A un journaliste qui lui faisait remarquer que le chômage repartirait à la hausse en 2014 selon la Commission européenne, M. Sapin a répondu : "la Commission n'intègre pas forcément tous les éléments de notre politique au jour d'aujourd'hui. C'est la raison principale. Ce n'est pas une différence d'analyse mais une différence de connaissance elle ne prend pas en compte, et à juste titre, des politiques qui ne sont pas en cours. Elle ne prend que les politiques lancées". Sur l'inversion de la courbe du chômage, il a fait valoir que "cet objectif (était) tout à fait conforme avec les prévisions de la commission. Je rappelle que la Commission prévoit pour 2013 ce qu'elle appelle une stabilisation du chômage ce qui veut bien dire à la fin de cette année une inversion de la courbe".

La France va subir une légère récession avec une année 2013 à -0,1%, selon la Commission européenne, dont la prévision est la même que celle du Fonds monétaire international, mais plus pessimiste que celle du gouvernement français, qui table sur une croissance de 0,1%. Pour 2014, la Commission prévoit une progression du PIB de 1,1%, une prévision plus proche de celle du gouvernement français (+1,2%) que de celle du FMI (+0,9%). La Commission anticipe par ailleurs un dérapage du déficit public à 3,9% du PIB cette année et 4,2% l'an prochain, alors que le gouvernement table sur respectivement 3,7% et 2,9%. 

"L'économie budgétaire doit être un principe"
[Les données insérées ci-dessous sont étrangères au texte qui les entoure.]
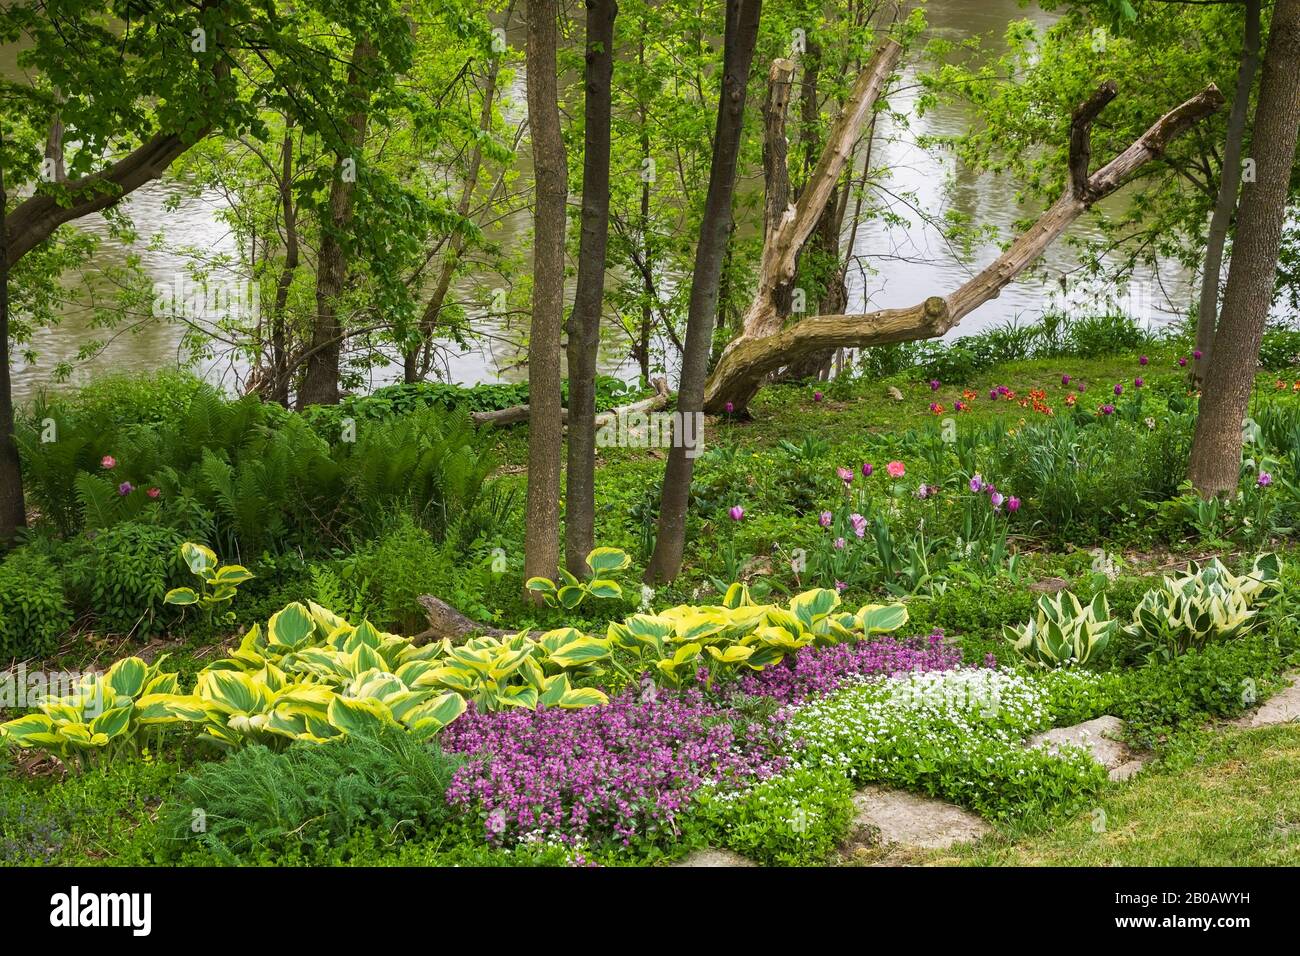 Gartengrenze mit weißer Asperula odorata - Woodruff-Blumen, Purpurlamium, - Deadnessel- und Hosta-Pflanzen im Frühjahr in geschlitztem Hinterhofgarten. Stockfoto

Poursuivant sa visite à l’ENIL à Mamirolle, François Hollande a salué le sursis de deux ans accordé par Bruxelles à la France pour qu’elle puisse atteindre ses objectifs de réduction des déficits publics. "C'est une nouvelle importante, parce qu'elle vient consacrer ce que la France a demandé depuis un an, c'est-à-dire que l'on mette la croissance au premier rang de nos priorités", a-t-il déclaré devant des responsables et des élus locaux. Le président Hollande a cependant affirmé que "ce serait une vue de l'esprit" d'imaginer pour autant que la France pourrait se "dispenser du sérieux budgétaire indispensable" parce qu'elle disposerait de "cette souplesse, de cette liberté".

"Cette capacité, maintenant, qui nous est donnée d'engager notre politique sans avoir une contrainte qui nous empêche d'agir pour la croissance et l'emploi" ne doit pas être une incitation à s'écarter de ces objectifs, a-t-il insisté. "L'économie budgétaire doit être un principe et c'est pour ça que quelle que soit la liberté que nous donne l'Europe, nous nous sommes fixés un objectif: que la dépense publique n'augmente pas d'une année sur l'autre", a-t-il enchaîné. La décision de Bruxelles, selon lui, est une opportunité de mener "des réformes structurelles indispensables pour la croissance" en matière de formation professionnelle, d'innovation, d'investissement ou de réforme des retraites.
Dans ses prévisions économiques dévoilées vendredi, la Commission estime que le déficit de la France va déraper, à 3,9% du PIB cette année et à 4,2% du PIB l'an prochain. Ces chiffres s'éloignent sensiblement de ceux du gouvernement français, qui prévoit un déficit de 3,7% cette année et de 2,9% en 2014.

Jugeant les prévisions du gouvernement français "excessivement optimistes", le commissaire chargé des Affaires économiques, Olli Rehn, a estimé "raisonnable de prolonger de deux ans le délai" imparti à Paris pour revenir dans les clous imposés par la Commission (soit moins de 3%), en 2015 et non 2014 comme souhaité initialement par Paris.